▽
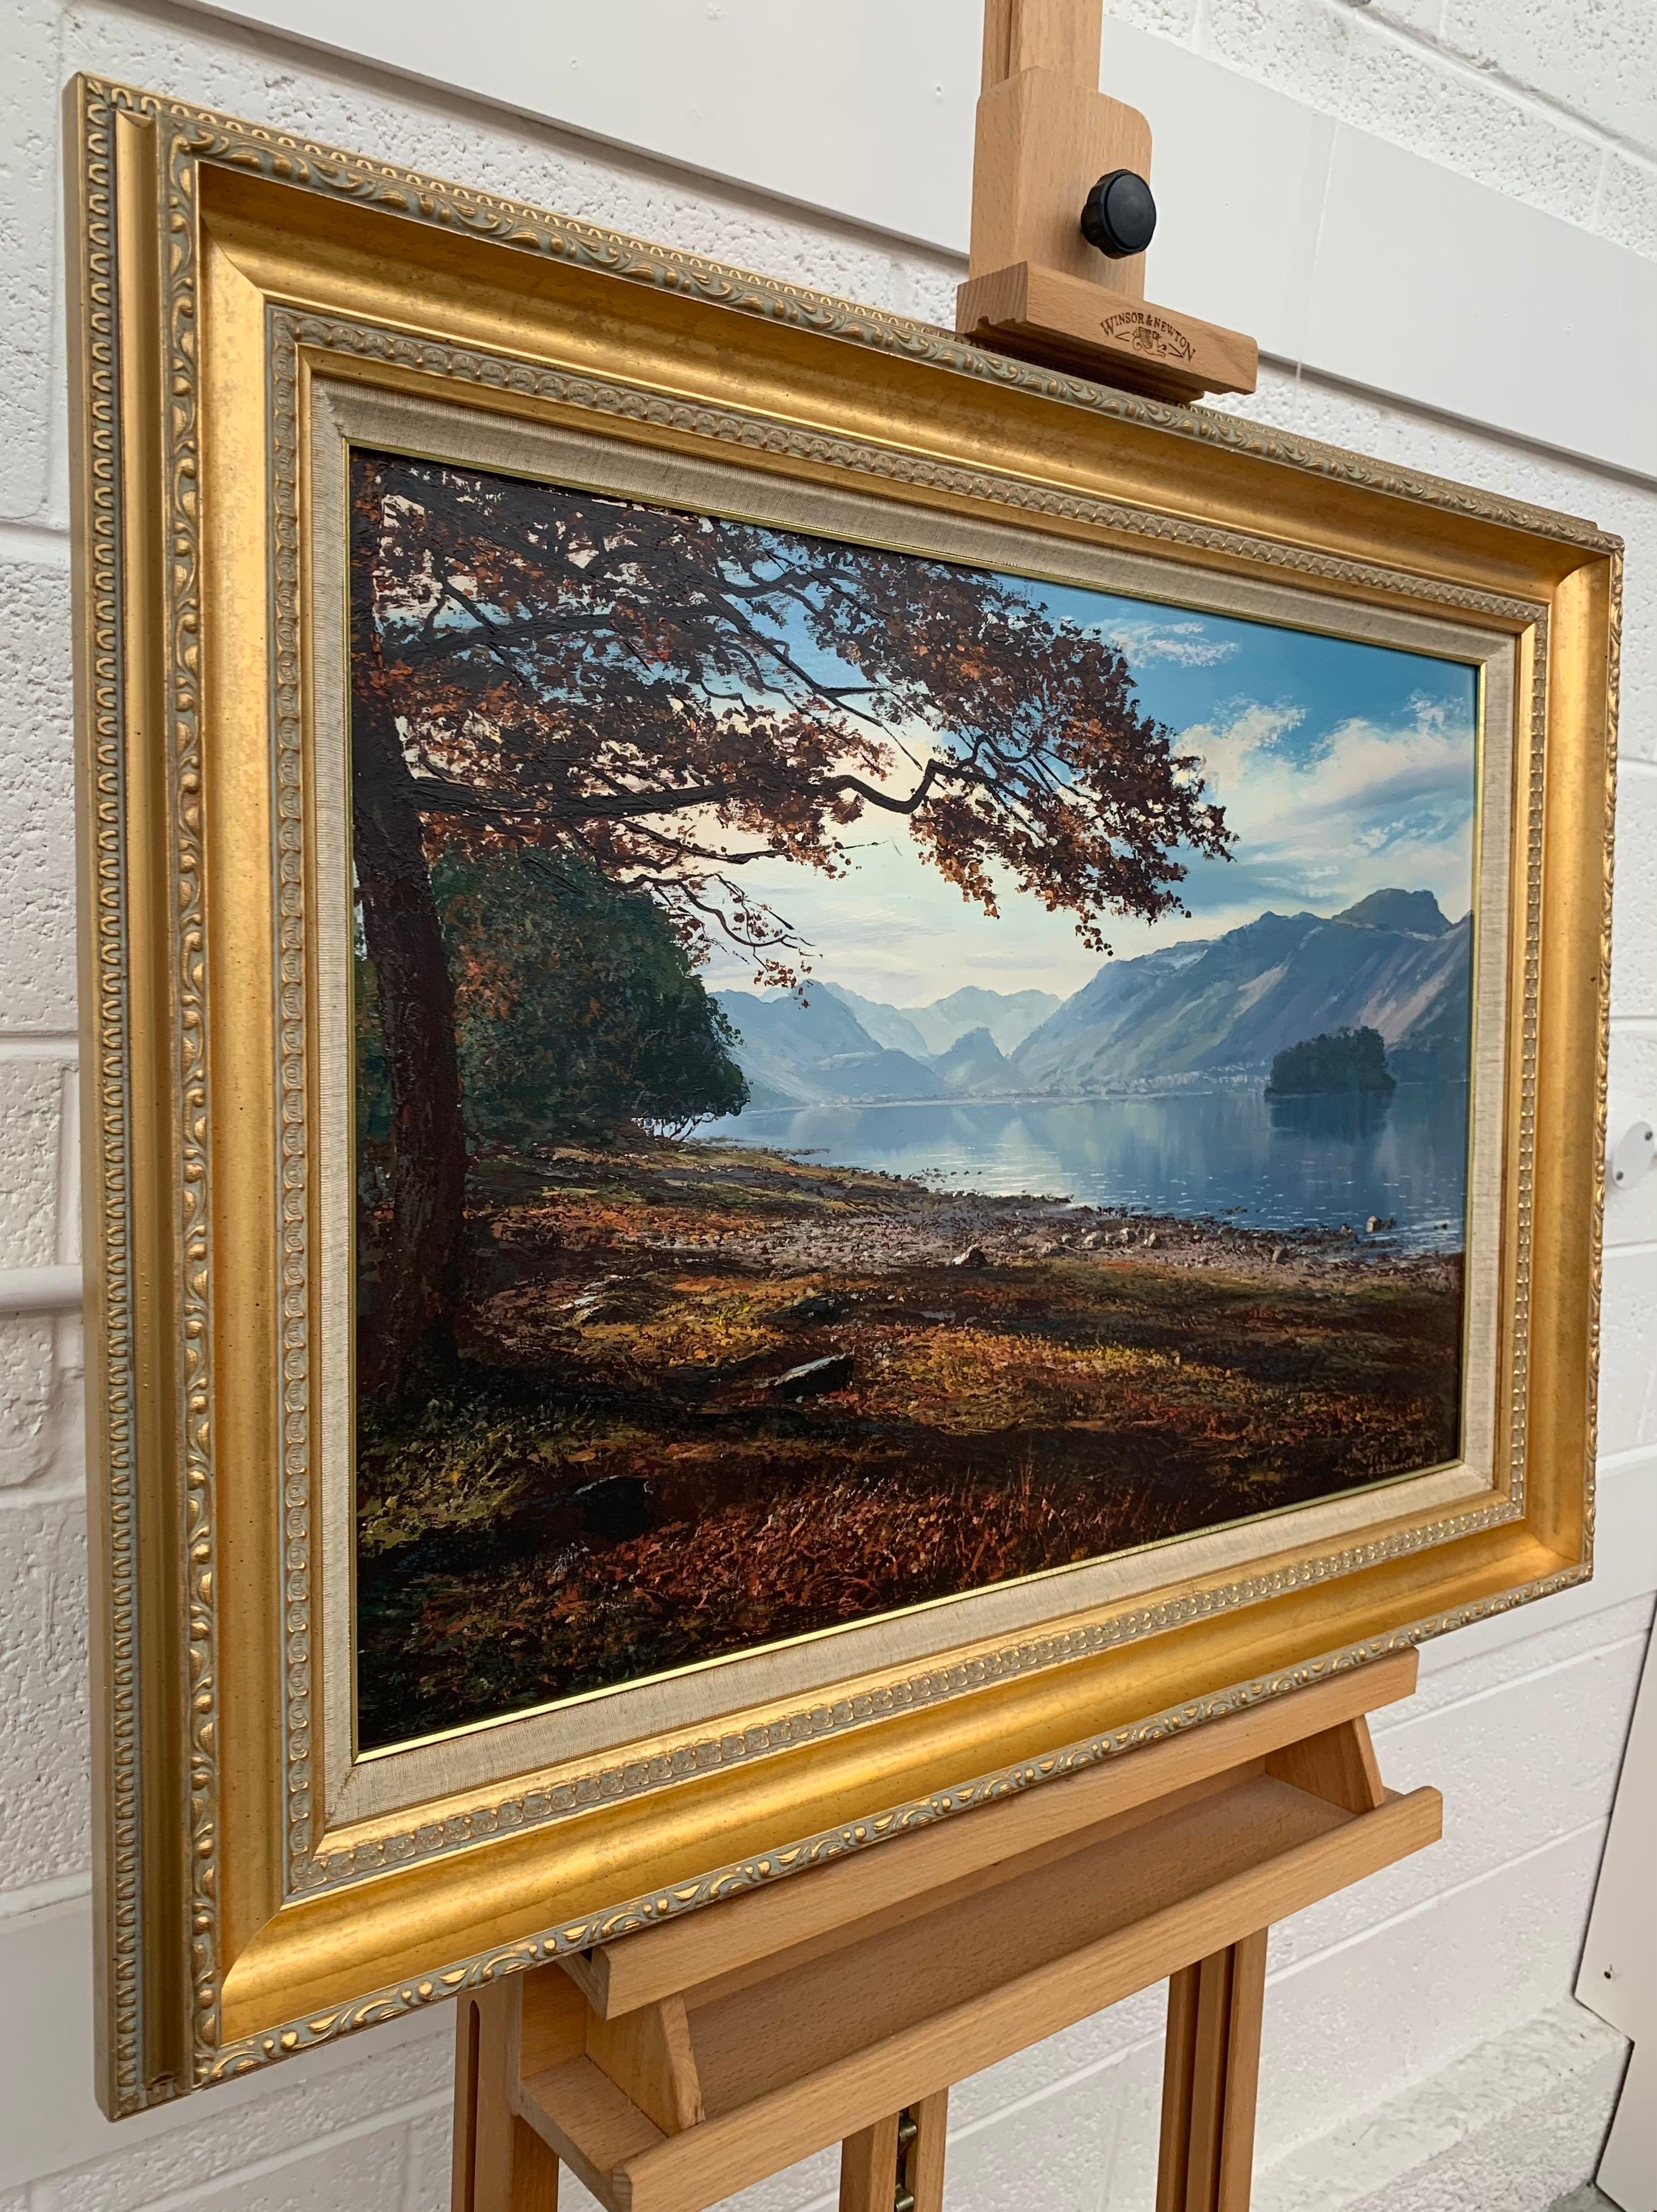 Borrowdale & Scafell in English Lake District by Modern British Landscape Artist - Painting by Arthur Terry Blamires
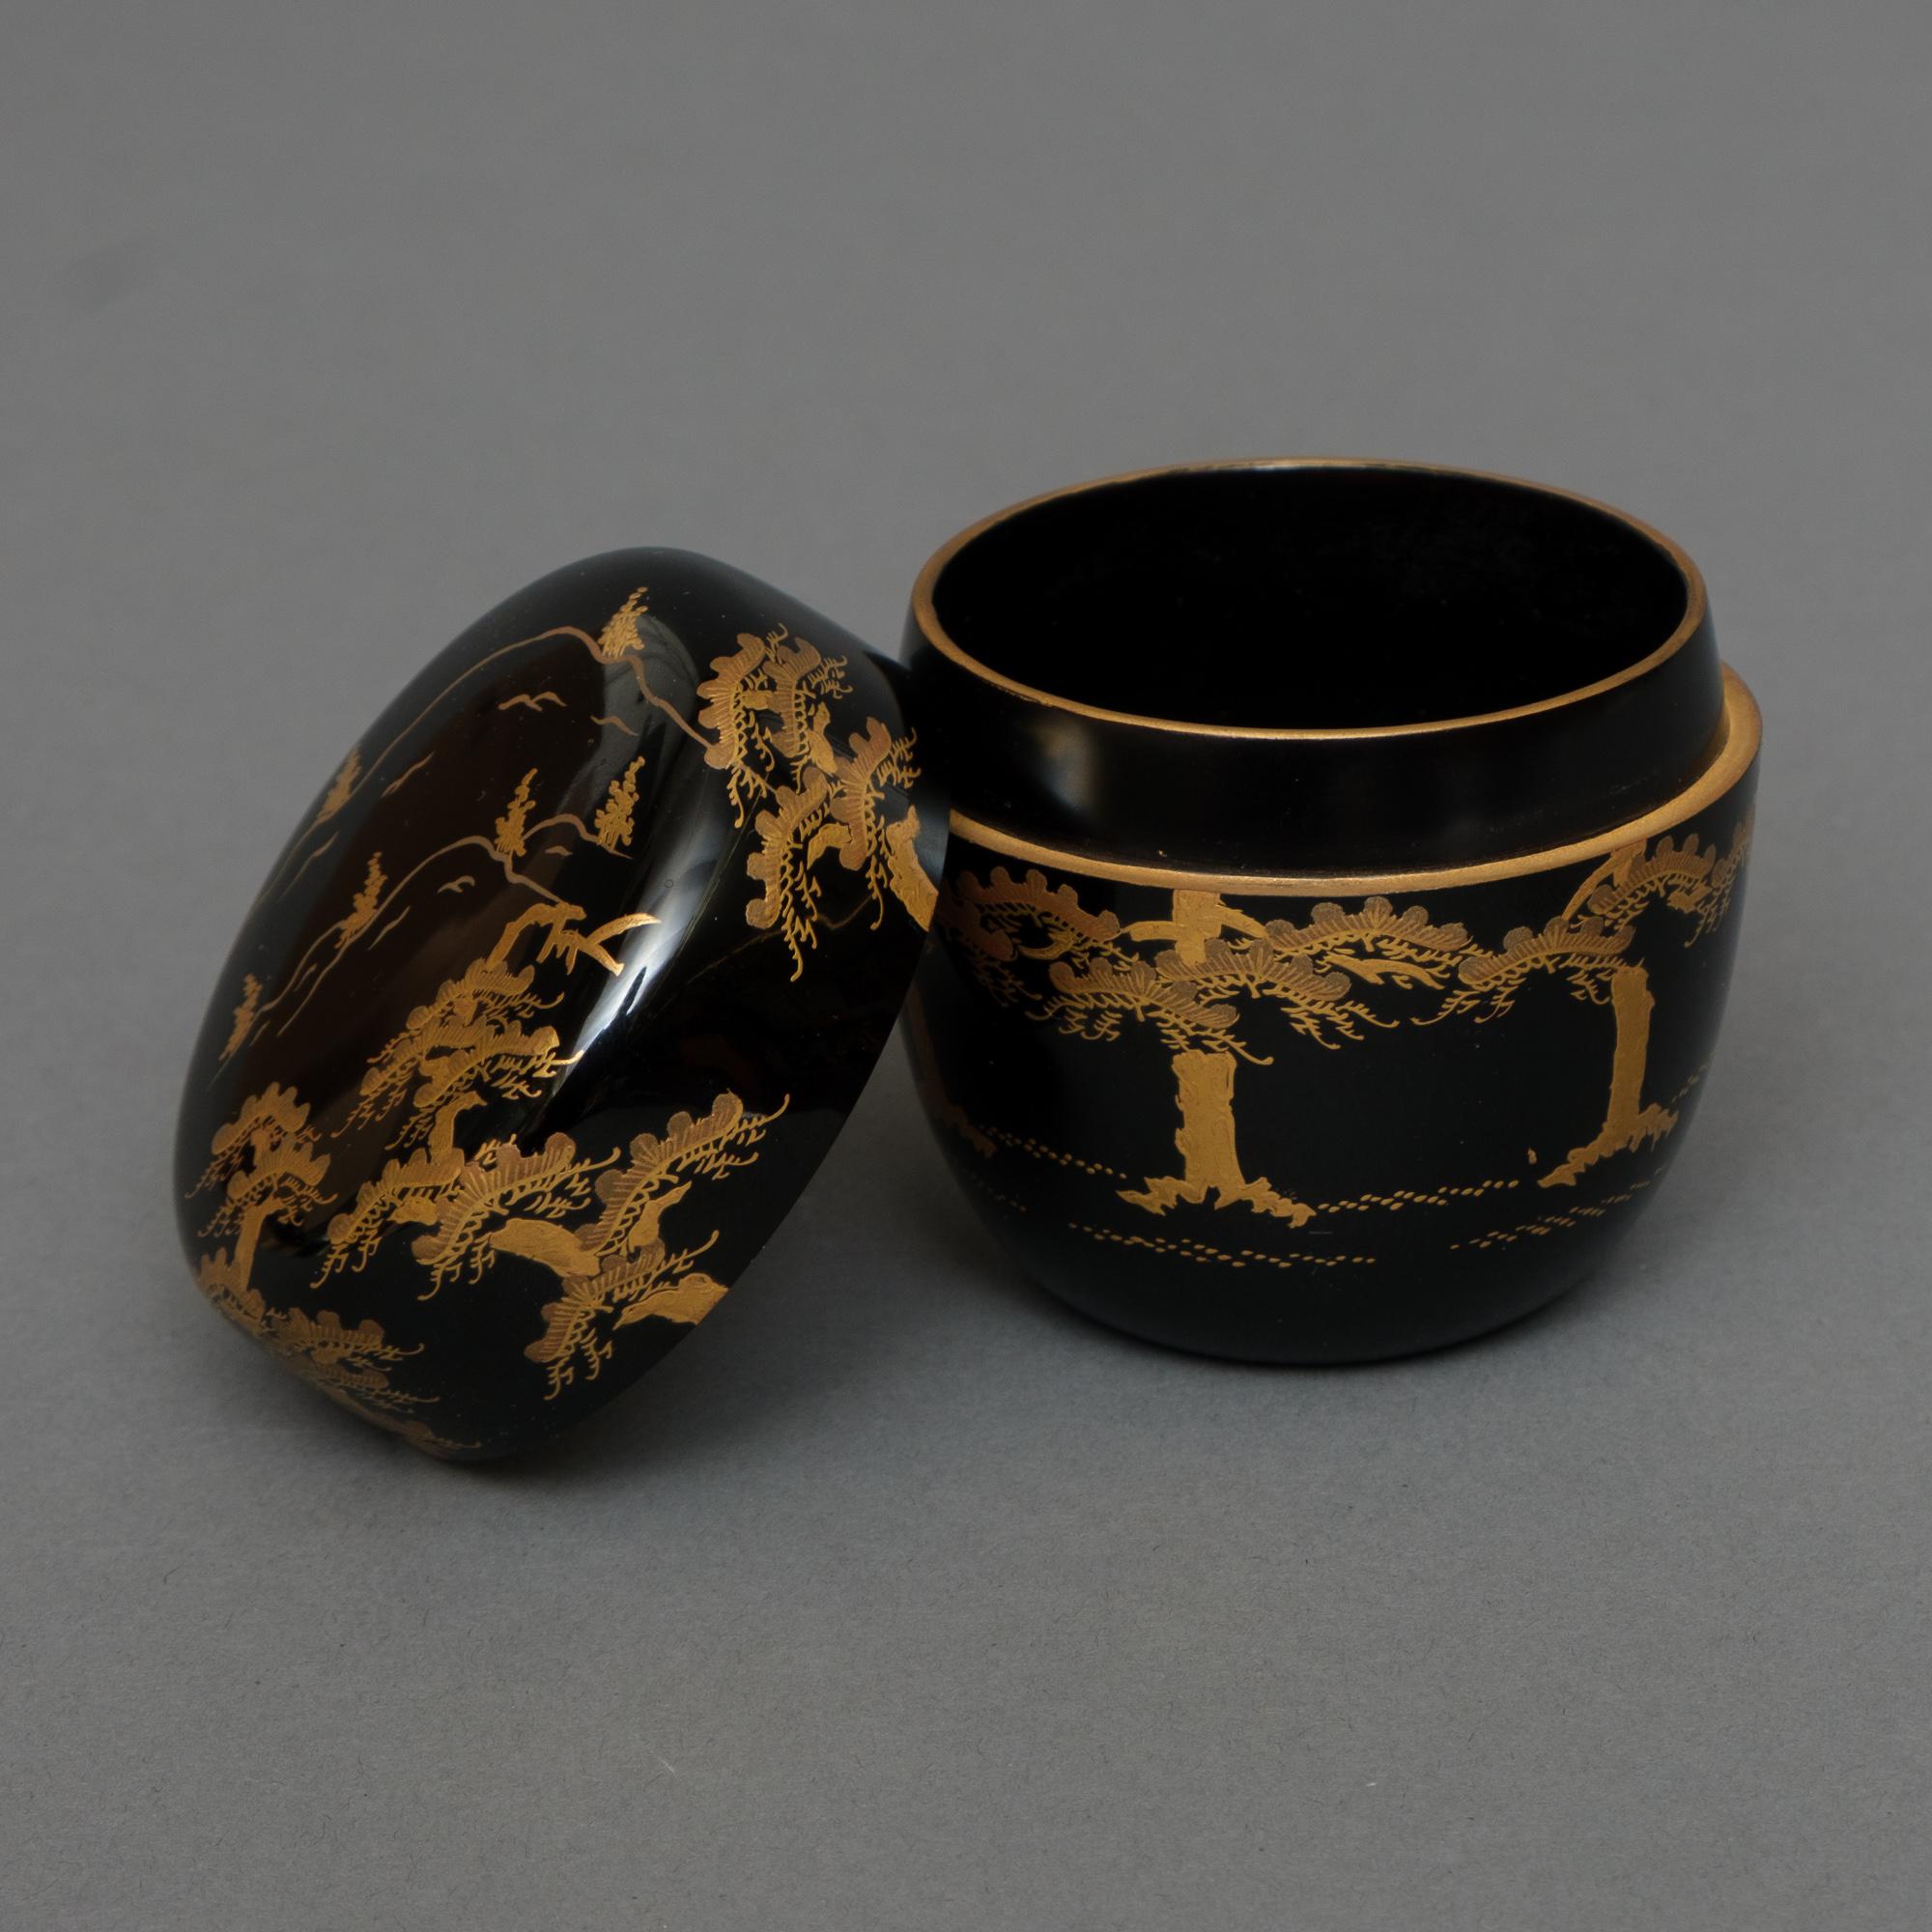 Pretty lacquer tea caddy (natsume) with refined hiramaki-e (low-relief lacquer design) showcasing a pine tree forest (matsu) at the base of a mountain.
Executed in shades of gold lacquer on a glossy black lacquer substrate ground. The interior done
△
EXERCISE GOAL -
With the pictures removed, return the listing above in its exact original wording.

ANSWER SPACE -
 Borrowdale & Scafell in English Lake District by Modern British Landscape Artist - Painting by Arthur Terry Blamires
 Pretty lacquer tea caddy (natsume) with refined hiramaki-e (low-relief lacquer design) showcasing a pine tree forest (matsu) at the base of a mountain.
Executed in shades of gold lacquer on a glossy black lacquer substrate ground. The interior done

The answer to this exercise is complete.